In the Rincon Mountains, you’ll find the great Saguaro National Park and (yup) many a majestic saguaro cactus. Ascend Wasson Peak, the highest point on the Tucson Mountain District side (at 4,687 feet) for serious wow-factor views.

Arizona-Sonora Desert Museum

Checking out the vistas at the Arizona-Sonora Desert Museum

See art in an outdoor setting

The Sonoran Desert has become famous as the home to Tucson and learning about the ecology of the surroundings can make any outdoor activity you do in the area that much more meaningful. So head to the Arizona-Sonora Desert Museum, a mostly outdoor excursion, as educational as it is meditative where you can browse the exhibits as you breathe in that famous dry desert air.

A “fusion” experience, the museum houses a zoo, botanical garden, art gallery, natural history museum, and aquarium. Wandering through the garden, you’ll learn why the Sonoran Desert is considered the lushest desert in the world—with more than 2,000 species of plants—and you’ll view stratified rocks that date back to the dinosaur era at the Geology Overlook.

Birdwatching in Tucson

A Tucson feathered friend

Keep your eyes open in this birder’s paradise

Tucson is one of the best places in the country for birdwatching, thanks to its temperate climate and other geographical factors—so if you have even a mild interest, or especially if you’re a dedicated birder, you’ll want to make time in your itinerary for a day at Madera Canyon. As a resting spot for migrating birds, it attracts birders from far and wide and ample trails provide hiking opportunities. It’s easy to spend an entire day birding here or at any of the other popular Tucson bird-watching locales, like the 5,500-acre Catalina State Park. For a quick loop, jump on the mile-long Catalina Nature Trail or the even quieter (and aptly named) 2.3-mile Birding Trail to Alamo Loop Trail.

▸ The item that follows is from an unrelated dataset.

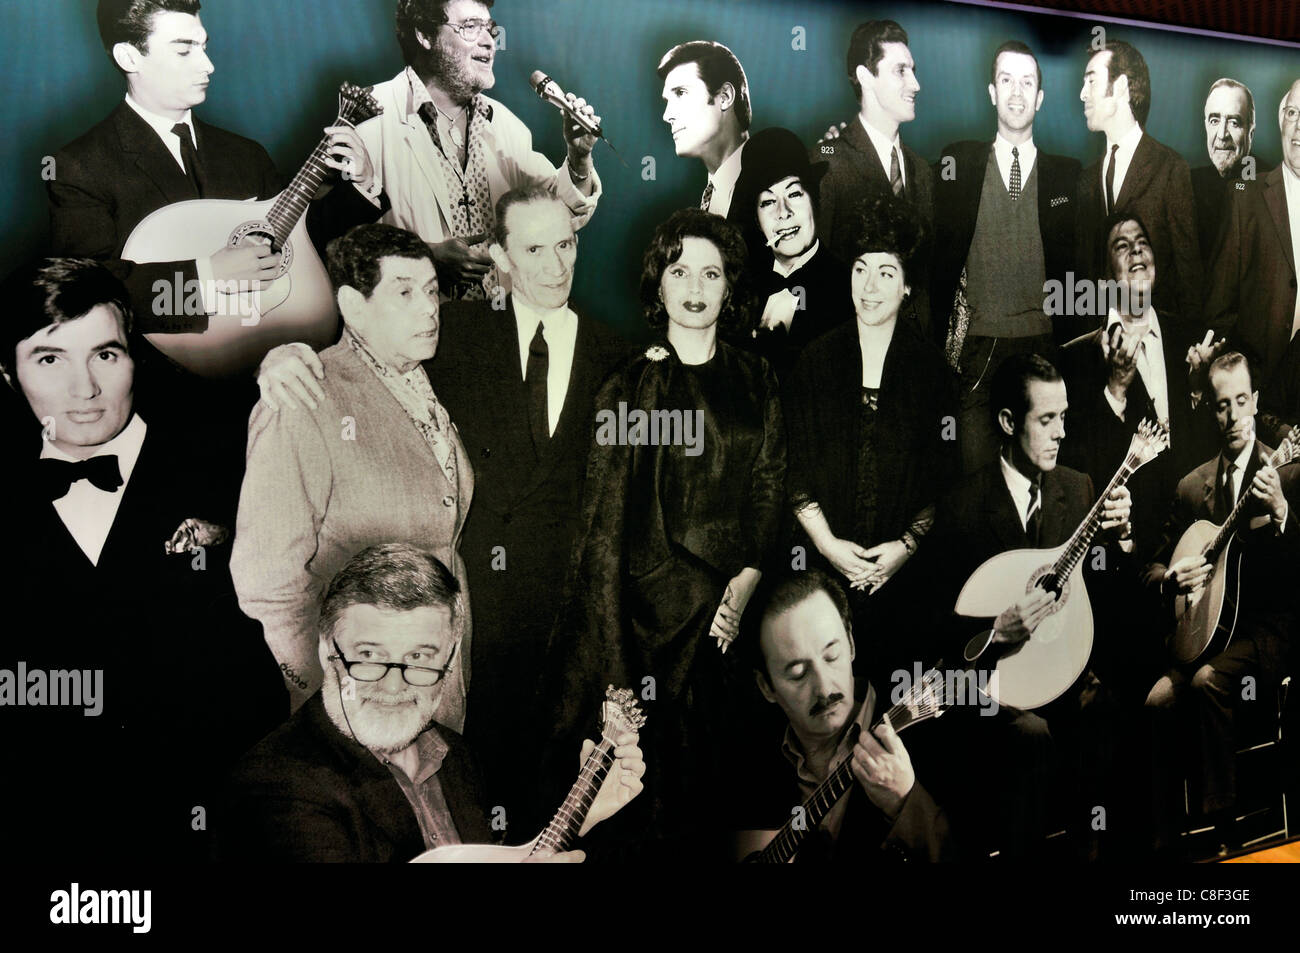 Portugal, Lissabon: Fotografische Wand Collage mit berühmten Fado-Künstlern in der Museu do Fado Stockbild

Also consider Florida Wash and Patagonia-Sonoita Creek Preserve. Upwards of 500 species have been spotted in the Tucson area, so your chances of finding a vibrant vermilion flycatcher, any of many awe-inspiring hawk varieties, or your favorite species of colorful hummingbird are as good as it gets.

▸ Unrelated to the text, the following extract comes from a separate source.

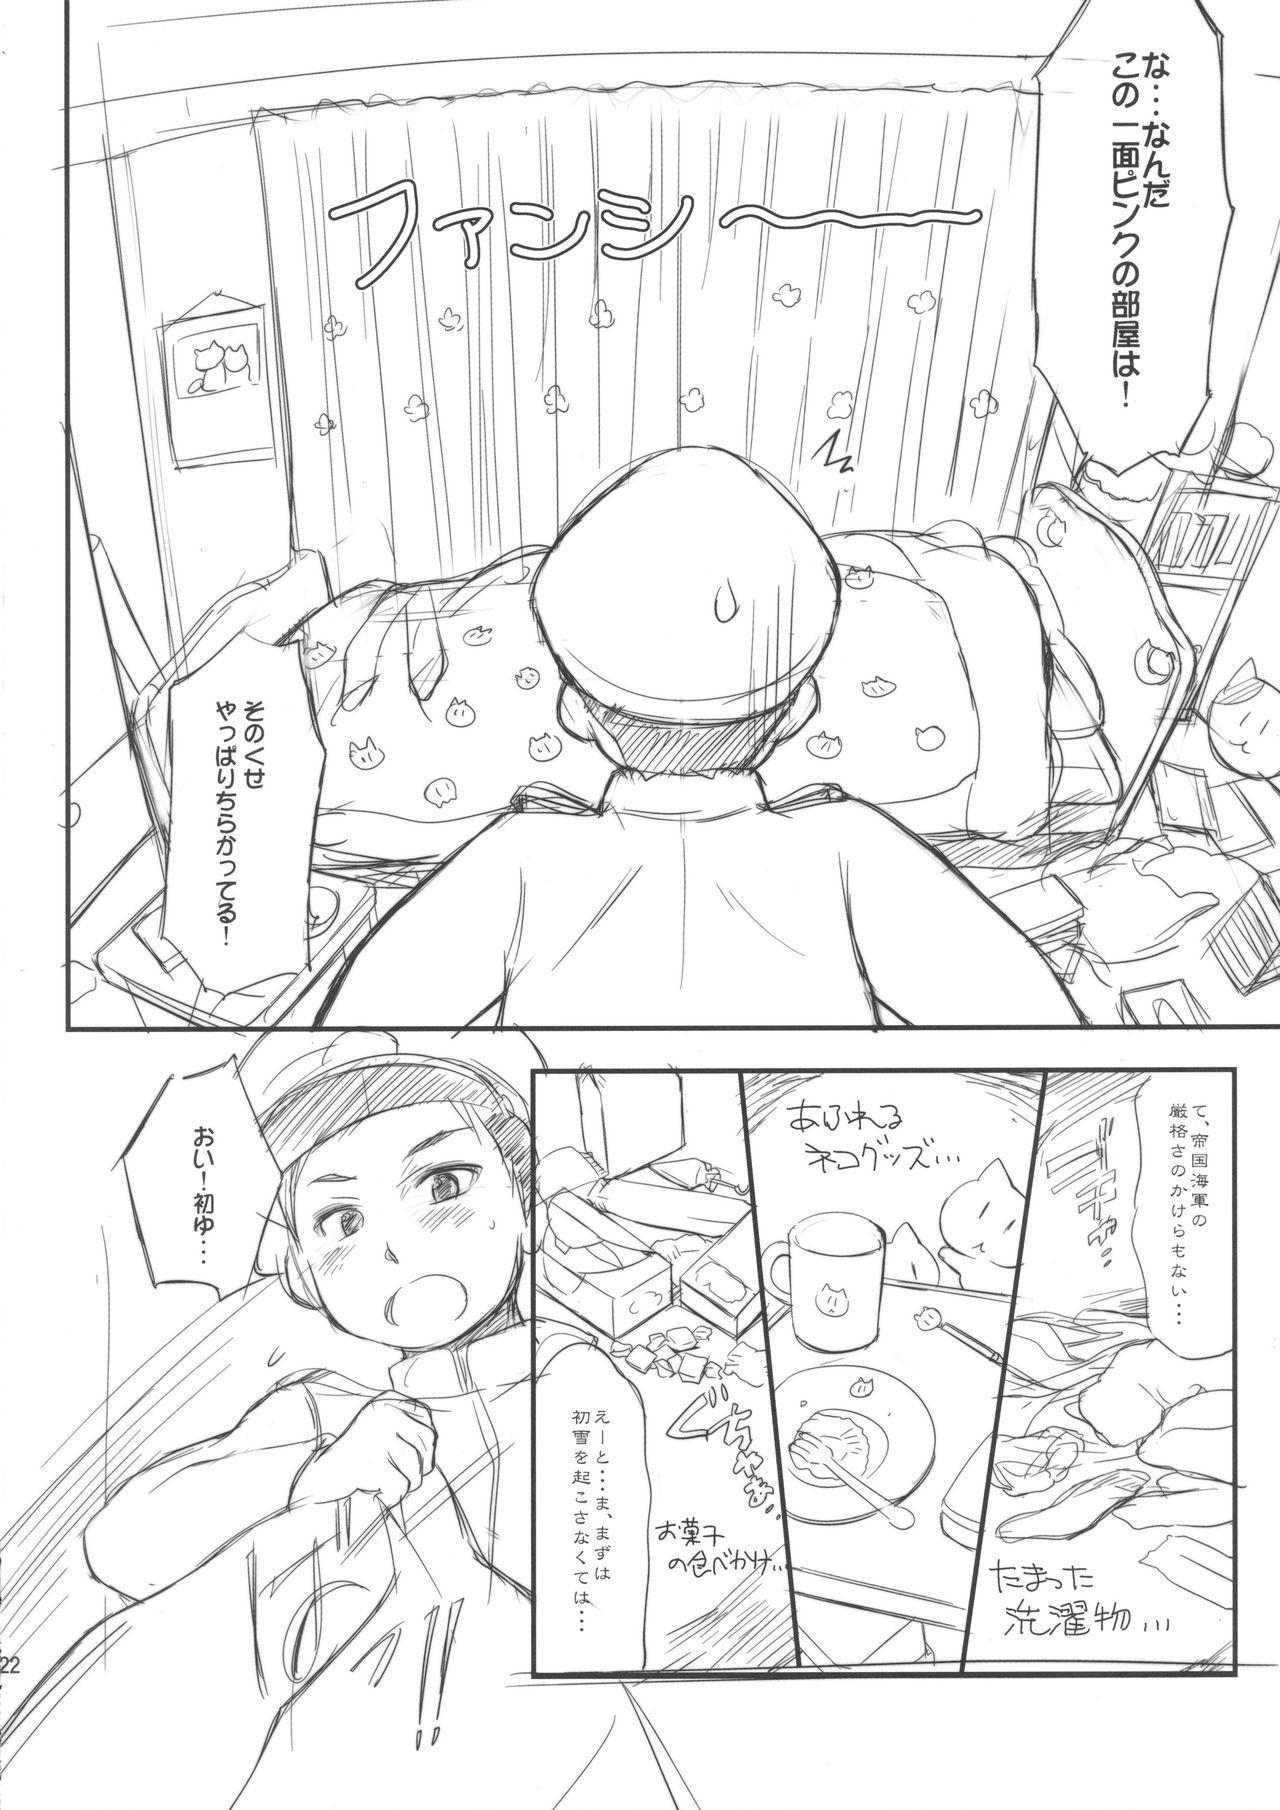 Kuchukukan Hachuyuki Monogatari 21

Oro Valley/Tucson Loop Bike Path

Biking, walking, running, and horseback riding are all available along The Loop.

Pedal through stunning desert landscapes

Visitors to Tucson who enjoy a good bike ride absolutely must hit the Oro Valley/Tucson Loop Bike Path (“The Loop” to locals). This paved, car-free path stretches more than 130 miles long, is family friendly (walking works, too), and offers different experiences for different types of biking.

Head to the ridge line for 35 miles of more intense mountain biking or to Honeybee Canyon Loop for an easy albeit longer ride. The nearly 20-mile path features a gradual ascent followed by downhill fun for the second half. You’ll see a windmill and historic rock dam along the hard-packed dirt trail that winds its way through the desert landscape. And checking out the petroglyphs is also a worthy adventure in Honeybee Canyon Park. Just visiting and didn’t bring your bike? No worries—it’s easy to find rental spots all over town.

Mount Lemmon

Take a drive up Mount Lemmon for unforgettable views.

Switch it up with an excursion to Mount Lemmon

Some peak visits are accessible without the hike of a lifetime—if a scenic drive is what you’re craving, take a leisurely (yet curvy) ride up the 9,000-foot Mount Lemmon for a relaxing summer picnic-in-the-pines. Bring a jacket, just in case; this mountain in the Santa Catalina range is 30 degrees cooler than metropolitan Tucson.

Its verdant pine forests make for a lovely change from the neutral colors of the surrounding desert scenery in the summer—and turn into a snowy wonderland come winter. Can’t resist one last, postcard-worthy hike? You’ve got 38 trail options, covering all skill levels, for reaching one of the “Sky Islands” of the Coronado National Forest, plus Ski Valley to ski or snowboard as soon as it snows—the resort famously doesn’t make snow, leaving this sport in the hands of the same glorious Mother Nature that makes this part of the world so incredible.